Found on Fiskens website on March 14, 2018

1929 Bentley Speed Six Le Mans
Chassis Number: BA2580

Picture the scene in the Bentley camp at Le Mans in 1929. Winners of the two most recent editions of the race in 1927 and 1928, the appetite for a hat-trick victory must have been contagious. The Bentley Boys were undoubtedly the most dashing group of drivers the La Sarthe paddock had ever seen. The new 6.5 litre Speed Six was strong, powerful and ready to prove itself at the world’s toughest race. Place all this within an era – the Roaring Twenties – known for its excesses, glamour and sophistication and the stage is set. Team Bentley was on a veritable roll.

1929 turned out to be one of the most attrition-filled editions in the race’s history. Despite this, Captain Woolf ‘Babe’ Barnato and the legendary silk-scarfed and extremely rapid Sir Tim Birkin piloted a Speed Six – later to be known as ‘Old Number One’ - to outright victory, followed by a trio of 4.5 litre Bentleys claiming second, third and fourth places respectively. Huge celebrations commenced, including a huge party held by Barnato at his country pile in Surrey where the drive was turned into a racetrack and the bars were fashioned as pitstops! ‘Old Number One’ was brought out for another victory at Le Mans in 1930, with Barnato still in the saddle, joined by a new driver in the form of Bentley Boy, Glen Kidston. So proud was W.O. Bentley of the Speed Six that he declared it his favourite car.

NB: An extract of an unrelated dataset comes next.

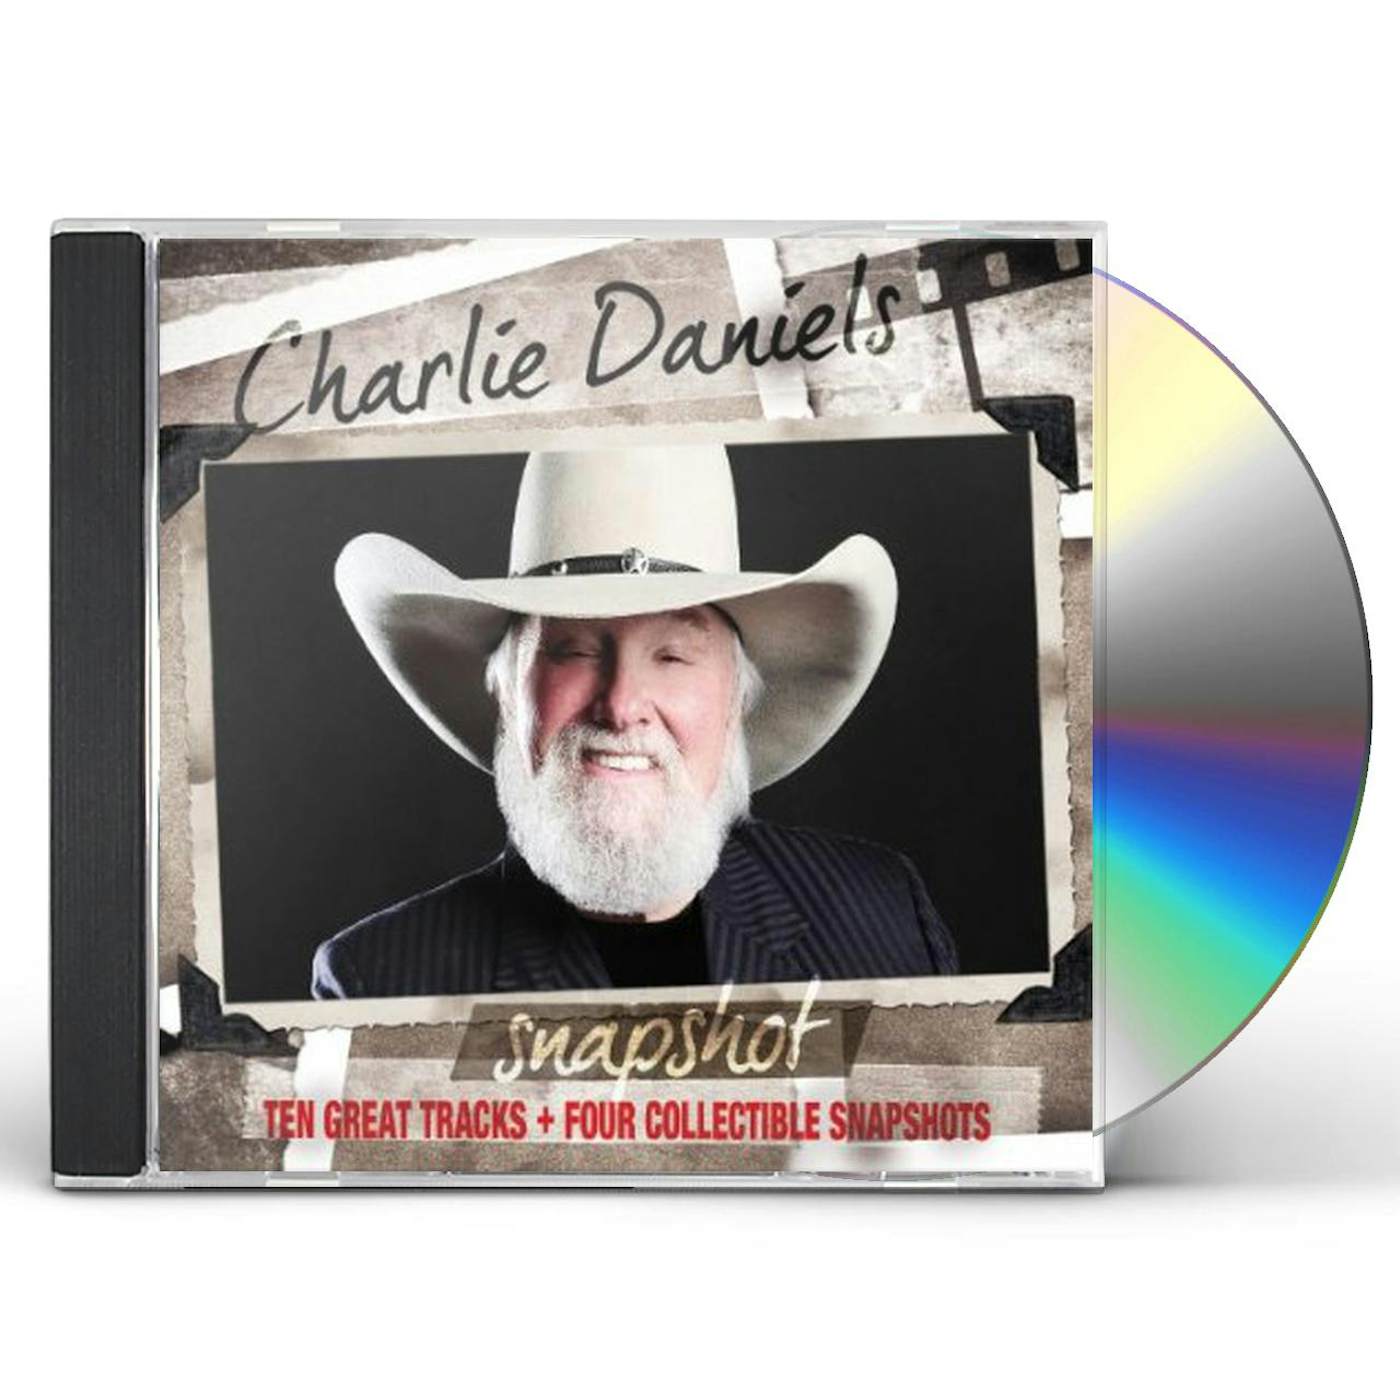 SNAPSHOT: THE CHARLIE DANIELS BAND CD

Le Mans rules required that cars raced must be production catalogue models. This ensured that the Speed Six was quickly introduced for sale to the general public. Out of 544 6½-litre examples made in Cricklewood, just 182 were to Speed Six specification. This example, BA2580, was originally fitted with a fixed head coupé Gurney Nutting body as ordered by Bentley Motors prior to its sale. The first owner is listed as C. Bruce-Gardner of Stafford, London and the Speed Six was furnished with registration number UU 6922. The service record shows a transfer of guarantee to William Ruben Doe of Hounslow in November 1930 and to Errol Hignett of Henley-On-Thames in 1932. The service record is continuous through to September 1938 with no further change of owner listed.

Sometime during the following years, BA2580 was shipped to Malta, probably by owner Lieutenant Colonel J.A. Sammut, who is listed in Bentley Drivers’ Club records as the owner between 1947 and 1955. Its history file contains wonderful images of the Bentley on Malta where it stayed during the war, eventually returning to the United Kingdom to be enjoyed by a number of documented owners prior to its purchase by Lord Doune. Doune restored the Speed Six with Vanden Plas style four-seater touring coachwork and retained it within his fabled motor museum from the 1960s until the late 1990s.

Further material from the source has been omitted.